**Action item:**
Everything in the listing should be set down exactly, apart from the pictures.

**Dataset content:**
★ ★ ★ ★ ★ ★ ★

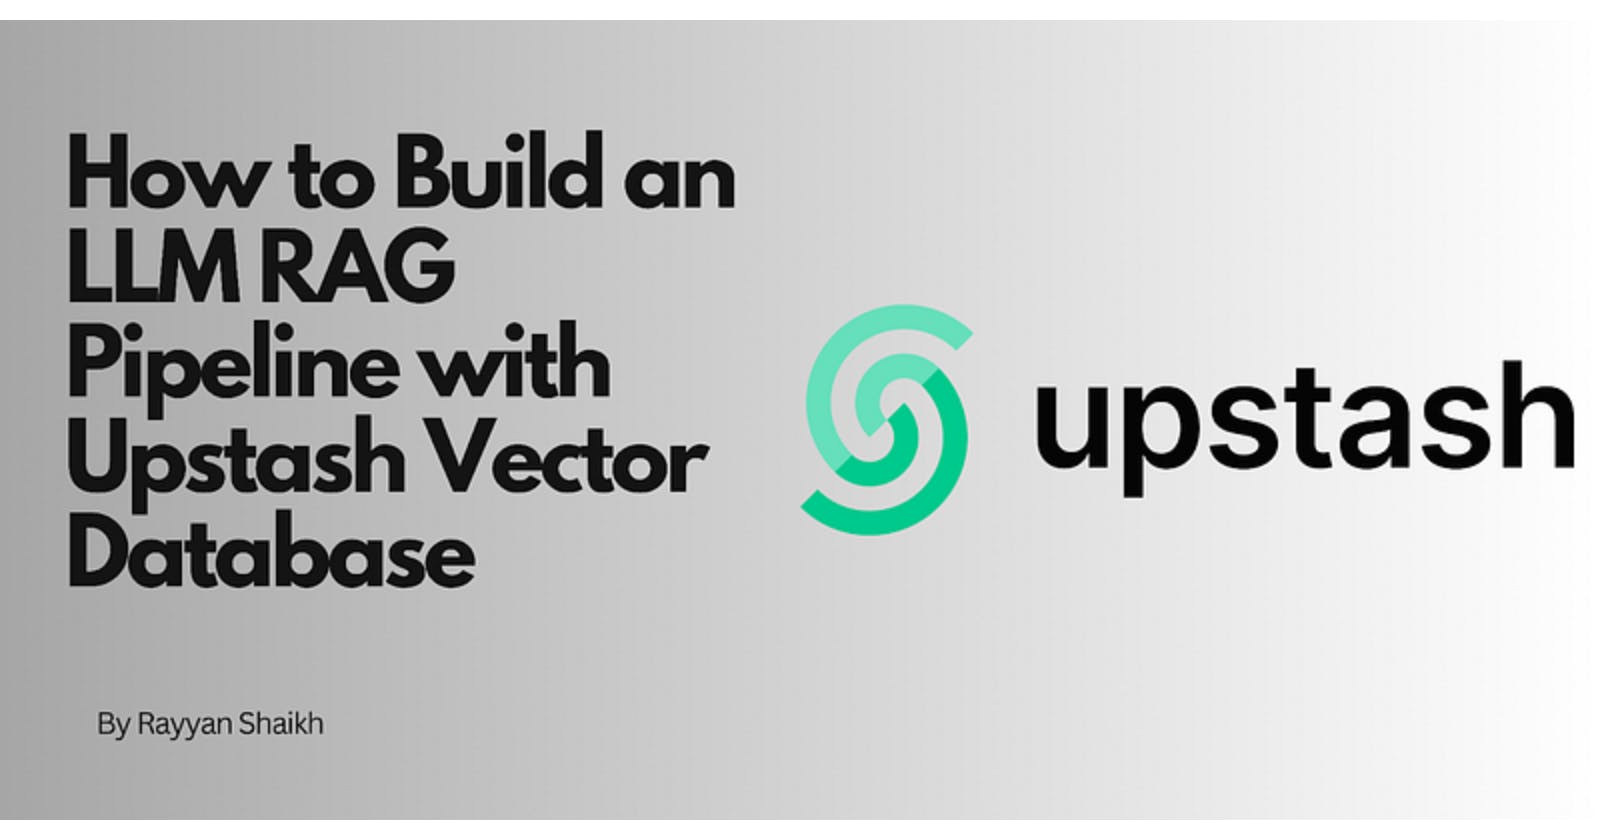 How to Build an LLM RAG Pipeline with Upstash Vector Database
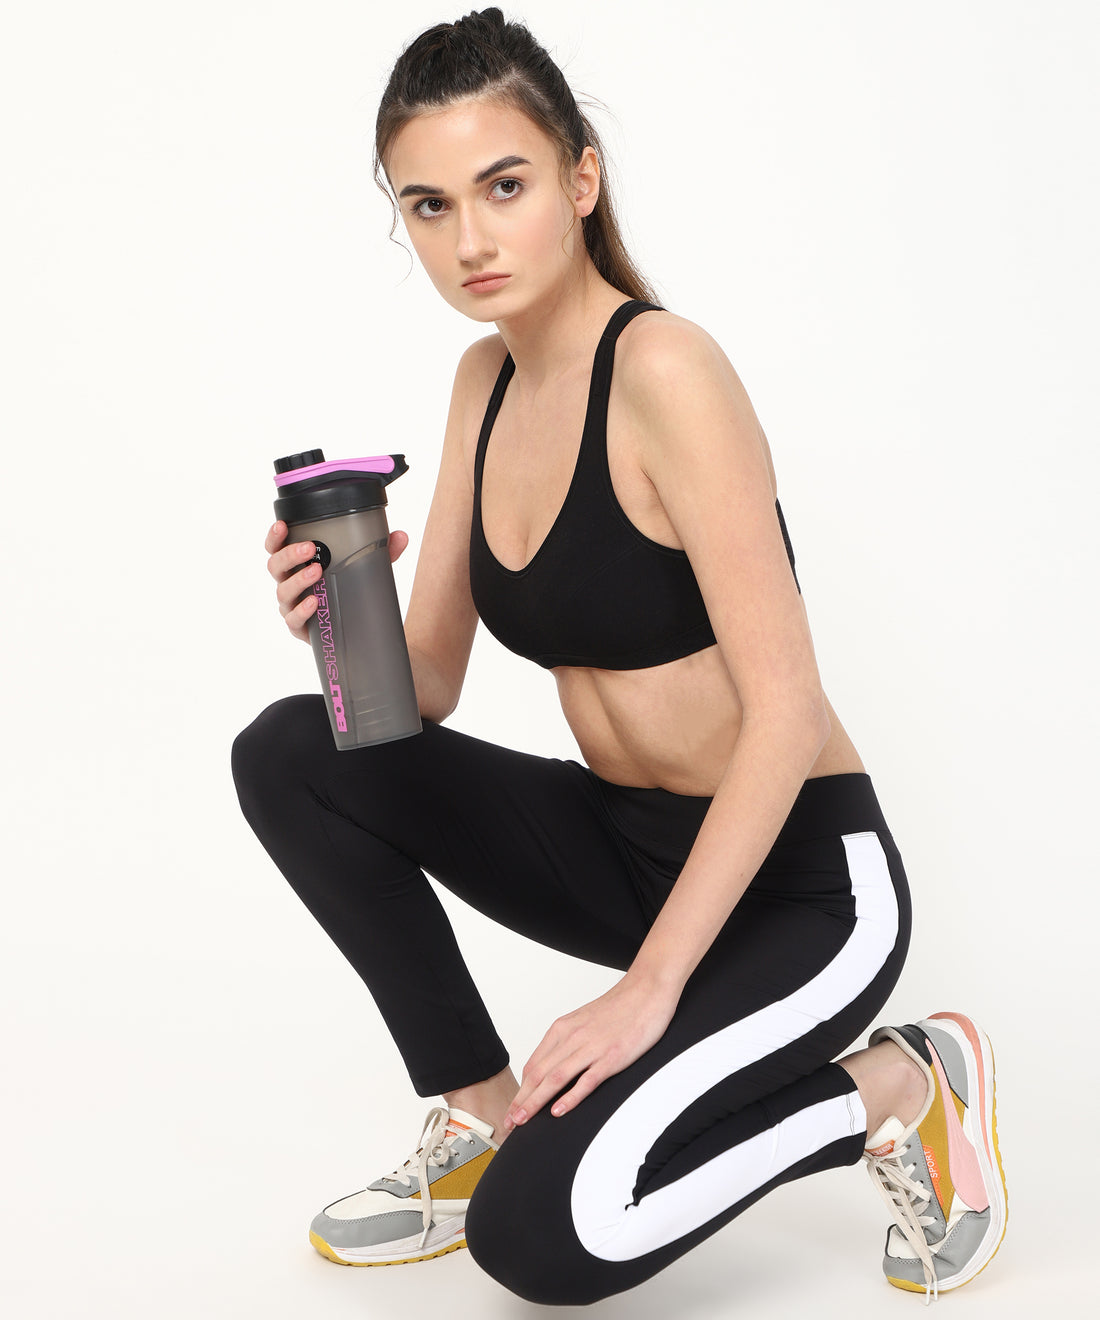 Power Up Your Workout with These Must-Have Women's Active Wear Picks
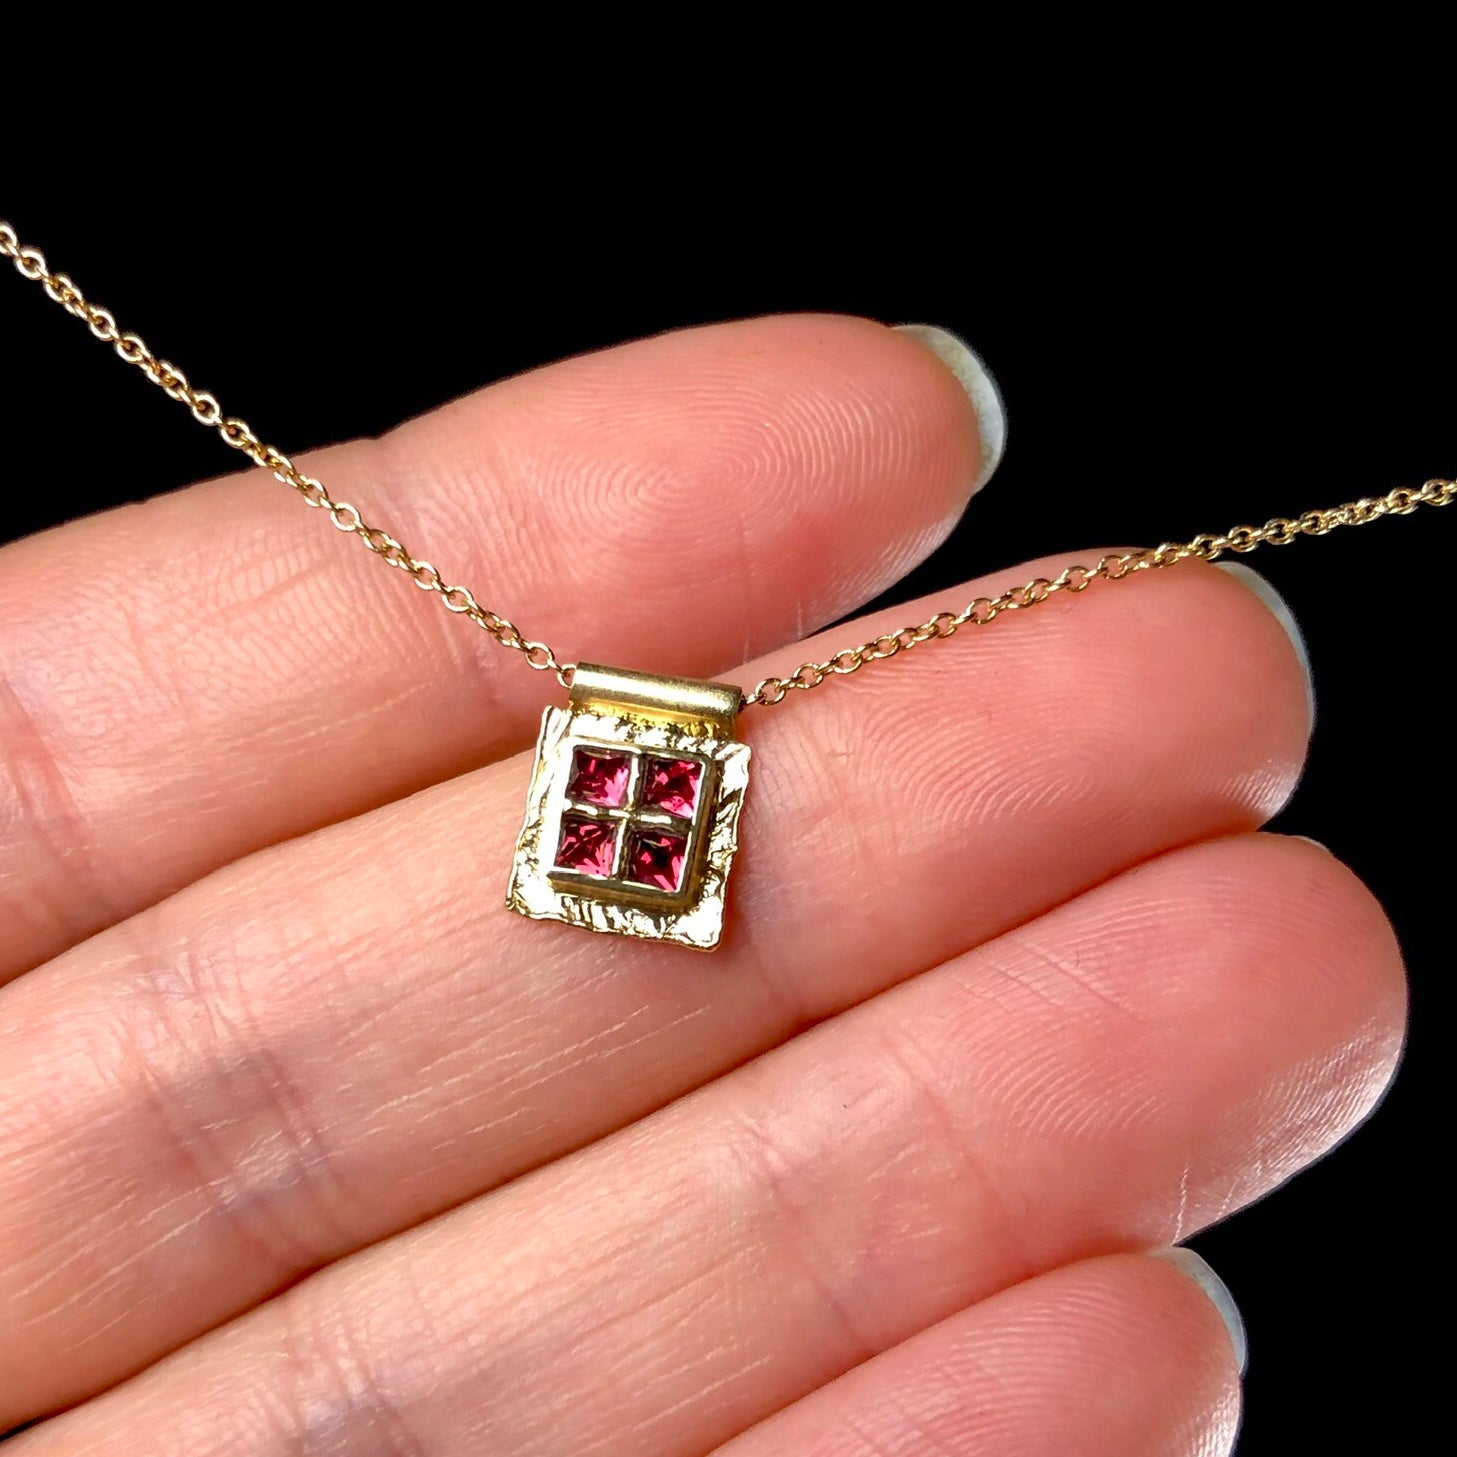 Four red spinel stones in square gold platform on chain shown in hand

★ ★ ★ ★ ★ ★ ★

**Response to the exercise:**
 How to Build an LLM RAG Pipeline with Upstash Vector Database
 Power Up Your Workout with These Must-Have Women's Active Wear Picks
 Four red spinel stones in square gold platform on chain shown in hand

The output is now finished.